The computation per head is smaller but we have more heads, so total computation remains the same.

## Connection to Modern LLMs

### Why All Modern LLMs Use Multi-Head Attention
1. **GPT models**: 12-96 attention heads per layer
2. **BERT models**: 12-16 attention heads per layer  
3. **T5 models**: 12-32 attention heads per layer
4. **DeepSeek**: Advanced multi-head latent attention

### Head Specialization in Practice
**Research findings show heads often specialize in**:
- **Syntactic heads**: Subject-verb relationships, dependency parsing
- **Semantic heads**: Word meaning relationships, entity recognition
- **Positional heads**: Sequential patterns, temporal relationships
- **Attention heads**: Long-range dependencies, discourse structure

### The Path Forward
**Next steps in our journey**:
1. ✅ Self-attention
2. ✅ Causal attention  
3. ✅ Multi-head attention
4. 🔄 **Next**: Key-Value caching (efficiency optimization)
5. 🔄 **Final**: Multi-head latent attention (DeepSeek's innovation)

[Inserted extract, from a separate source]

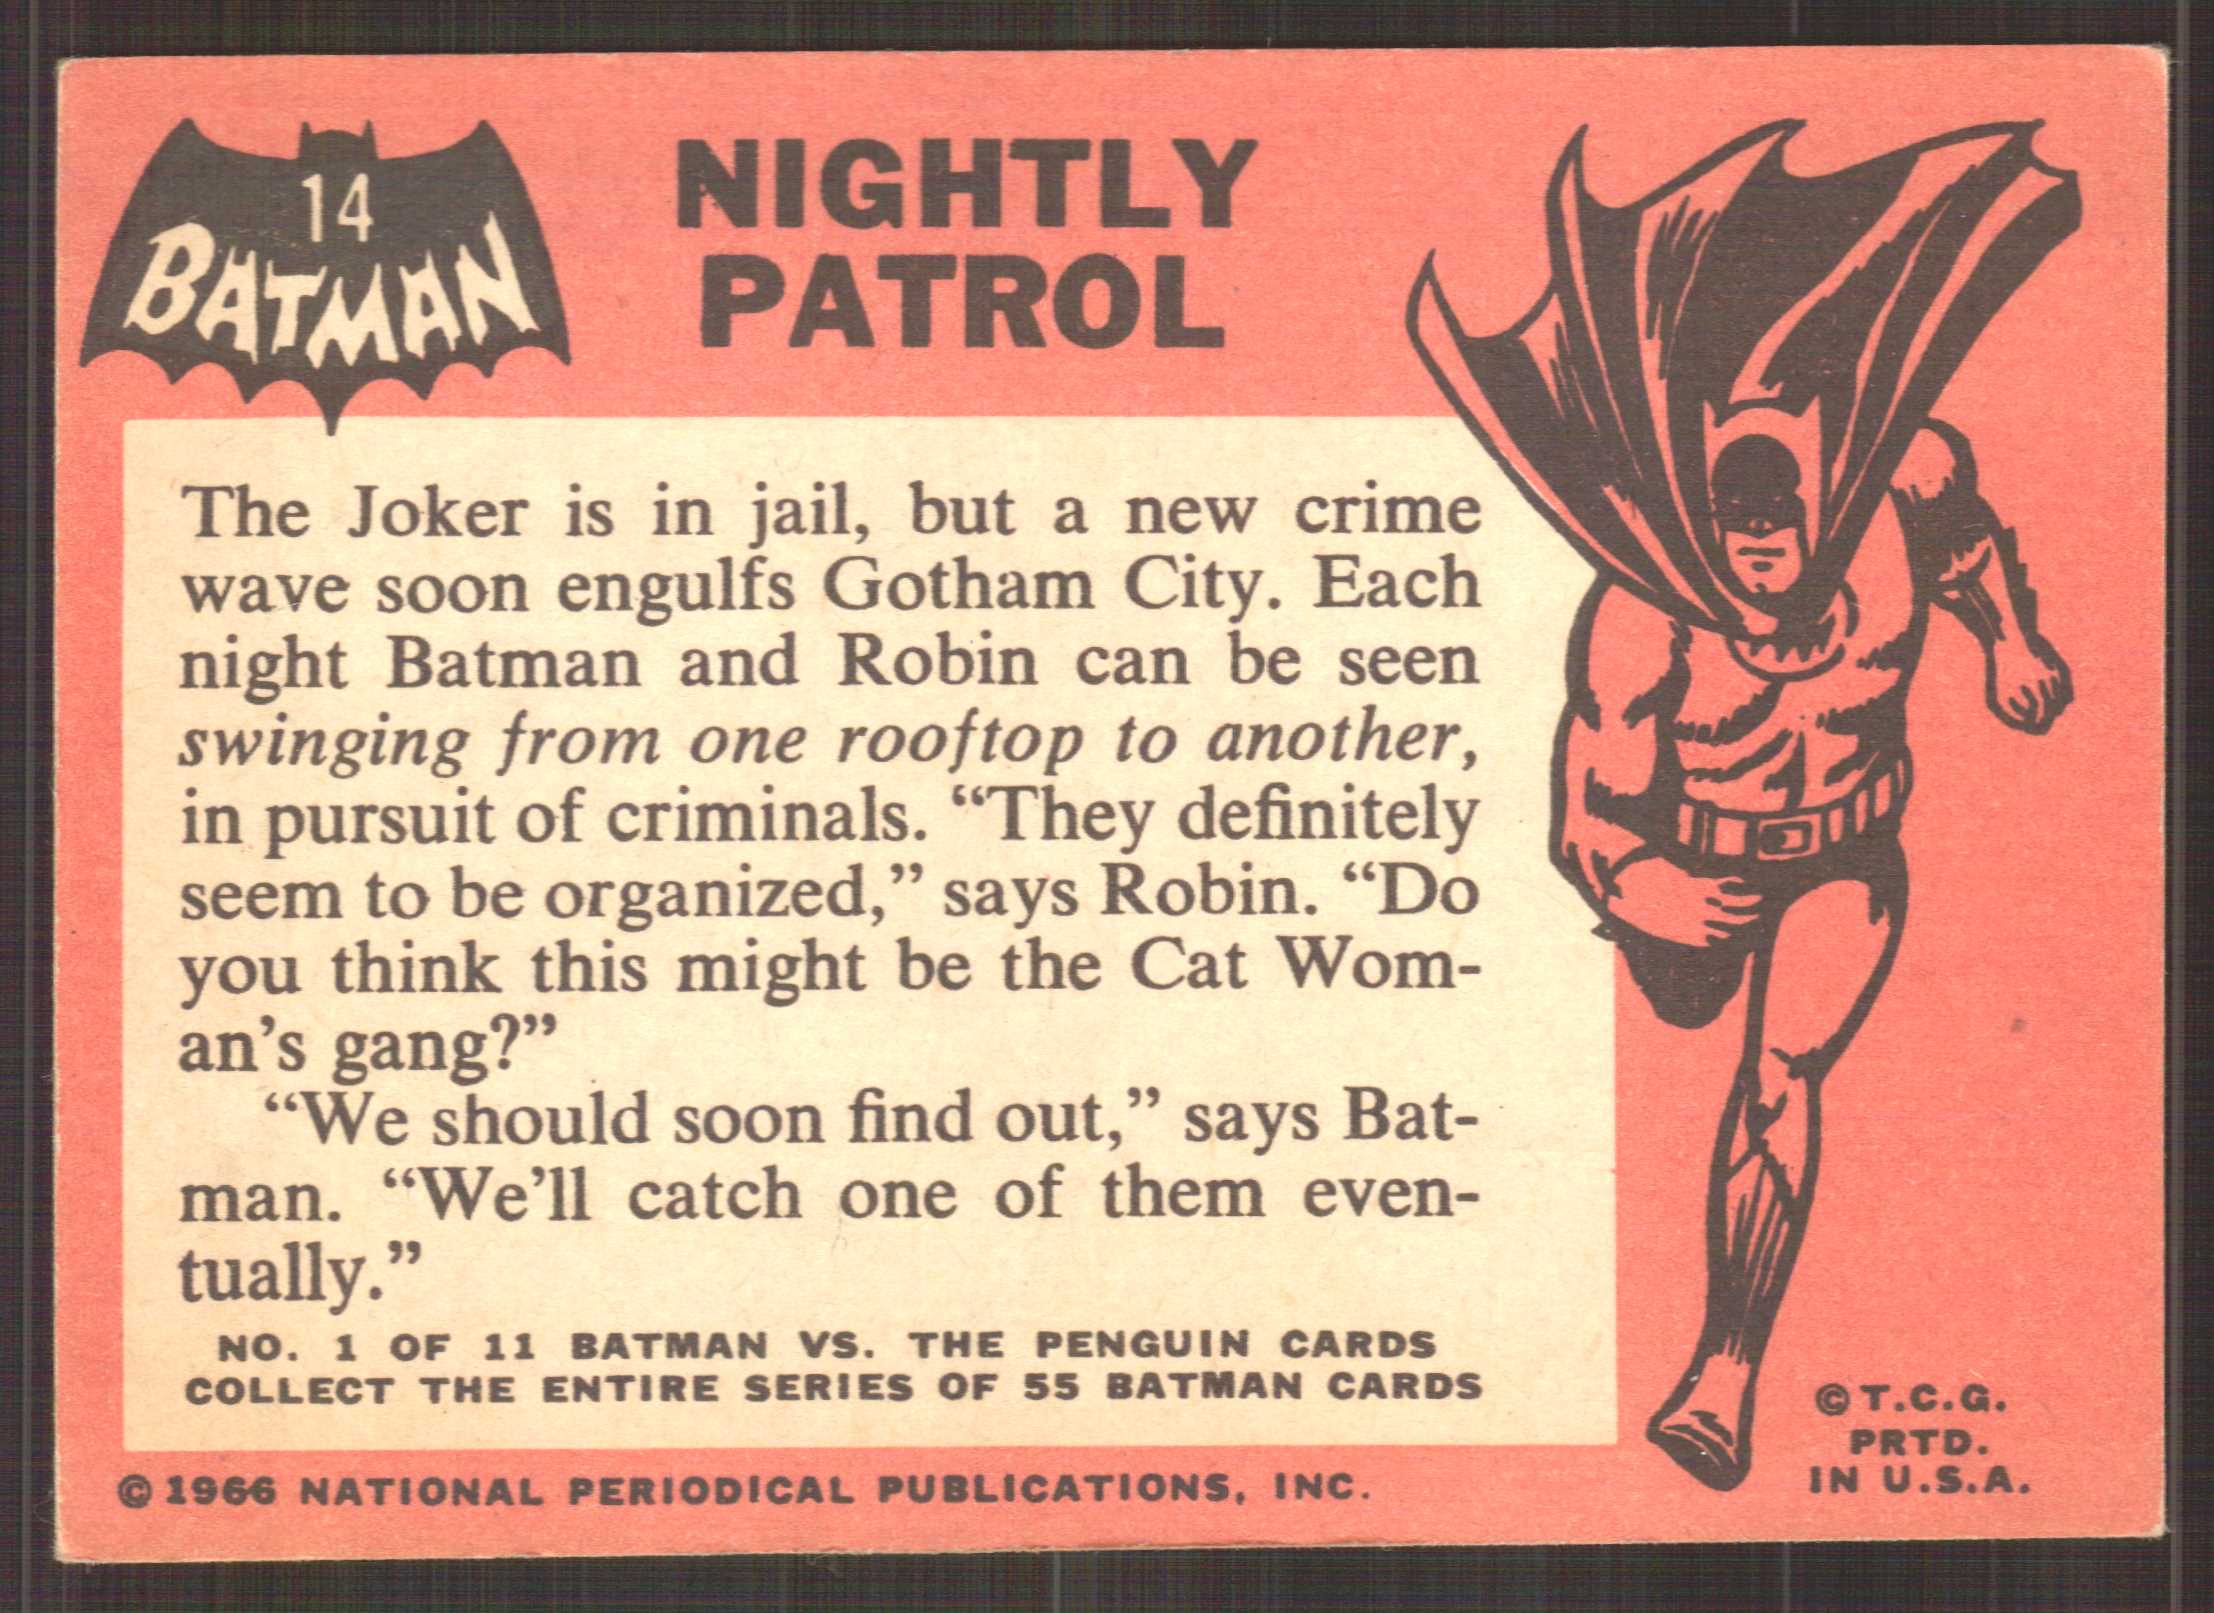 1966 Topps Batman Black Bat #14 Nightly Patrol back image

### Why This Foundation Matters
- **KV caching**: Optimizes the key-value computations we just learned
- **Multi-head latent attention**: Modifies the multi-head structure for better efficiency
- **Understanding prerequisites**: Can't understand advanced concepts without mastering these basics

## Key Takeaways

### Core Concepts
1. **Problem**: Single-head attention captures only one perspective
2. **Solution**: Multiple heads capture multiple perspectives simultaneously  
3. **Implementation**: Split weight matrices across heads, compute in parallel, concatenate results
4. **Trade-off**: Reduced per-head capacity for increased perspective diversity

### Mathematical Insights
- **Same parameter count**: Multi-head doesn't add parameters, just reorganizes them
- **Same output dimensions**: Final context vectors have same size as single-head
- **Same computational complexity**: O(seq_len² × d_out) regardless of head count
- **Linear memory scaling**: Memory increases with number of heads

### Practical Benefits
- **Richer representations**: Multiple perspectives embedded in same output
- **Specialized learning**: Heads can focus on different aspects of language
- **Better performance**: Empirically superior across all language tasks
- **Interpretability**: Can visualize and understand what each head learns

### The Foundation for Advanced Concepts
Multi-head attention is the essential building block for:
- **Transformer architecture**: Core component of all modern LLMs
- **Efficiency optimizations**: KV caching, gradient checkpointing
- **Architectural innovations**: Multi-head latent attention, mixture of experts
- **Understanding language**: How models capture complex linguistic relationships

This mechanism is fundamental to how language models understand and generate human language, making it one of the most important concepts in modern AI.